- Status: Active
- Frequency: Annual
- Years active: 2003–present
- Founded: September 2003; 22 years ago, Brisbane, Australia
- Area: Software engineering; formal methods
- Sponsors: IEEE Computer Society
- Website: sefm-conference.github.io

= International Conference on Software Engineering and Formal Methods =

International conference series

The International Conference on Software Engineering and Formal Methods (SEFM) is an international academic conference in the field of software engineering with a specialization in formal methods.

==History==
Until 2002, SEFM was a workshop; it then became a full international conference. It is sponsored by the IEEE Computer Society. The 1st IEEE International Conference on Software Engineering and Formal Methods (SEFM 2003) was held at Brisbane, Australia in September 2003. Submissions originated from 22 different countries. As well as IEEE-CS, supporters for SEFM 2003 included the Australian Computer Society (ACS), Boeing Australia, and the Italian Embassy in Canberra.

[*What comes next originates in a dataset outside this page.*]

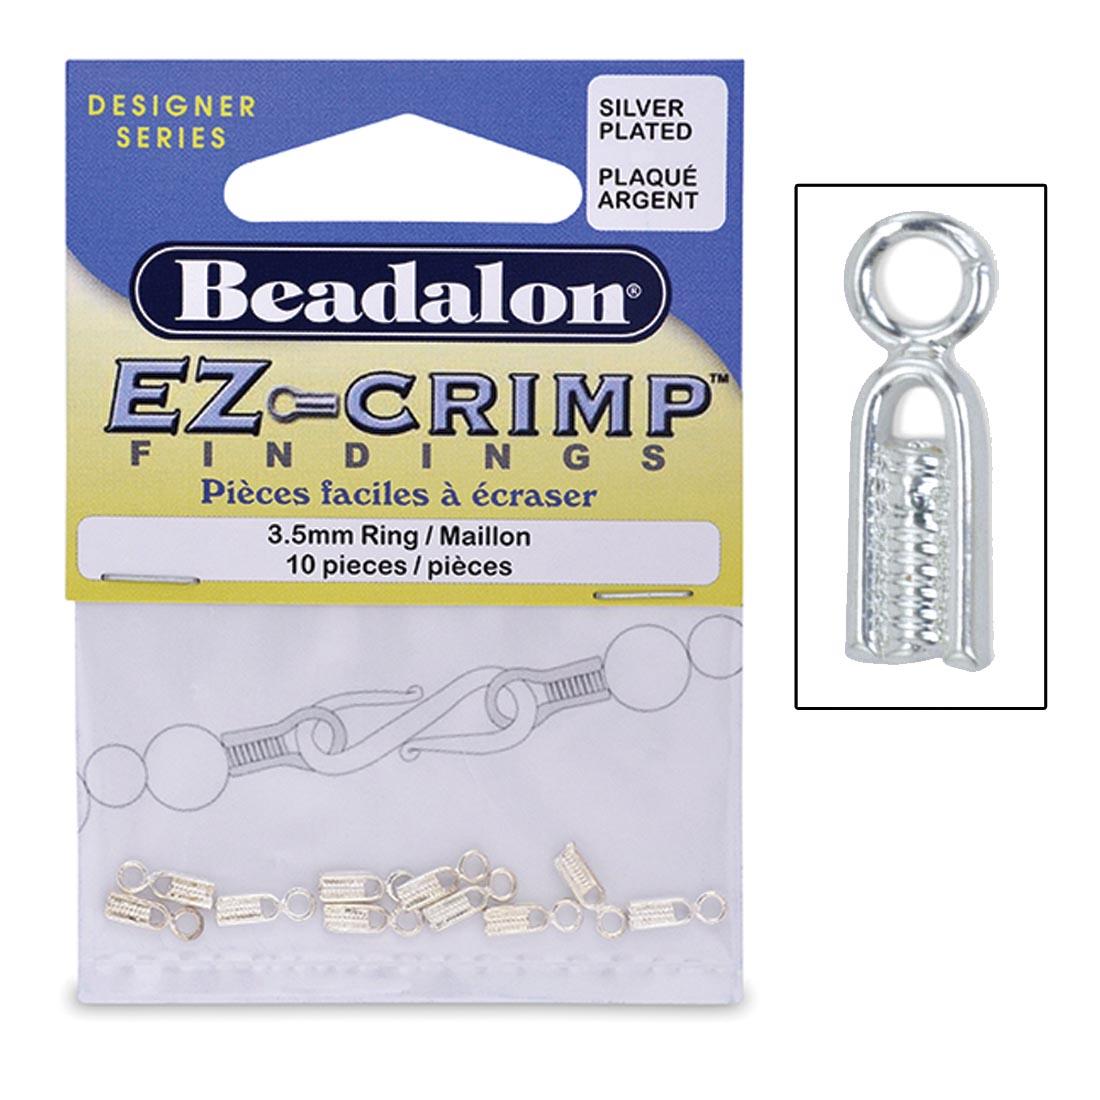 Package of Beadalon EZ Crimps with an inset closeup of one

The proceedings for the conference are published by Springer in the Lecture Notes in Computer Science (LNCS) series since 2011. Previously, the proceedings were published by IEEE.

==Aims==
SEFM aims to bring together practitioners and researchers from academia, industry, and government, to advance the state of the art in formal methods, to help in their large-scale application in the software industry, and to encourage their integration with other practical software engineering methods. The conferences are often held in the Asia and Pacific regions and specifically in developing countries. The SEFM conferences aim to encourage research cooperation between developing countries and industrialized countries. SEFM 2010 was in Pisa, Italy. SEFM 2013 was in Madrid, Spain. SEFM 2014 took place in Grenoble, France. More recently, SEFM 2024 took place in Aveiro, Portugal. SEFM 2025 is in Madrid, Spain.

The SEFM conference series is included on the DBLP online publications database. It is included on the VIAF database. Revised selected papers sometimes appear as special journal issues. The conference is also covered in external reports. The conference proceedings are indexed by the Association for Computing Machinery (ACM).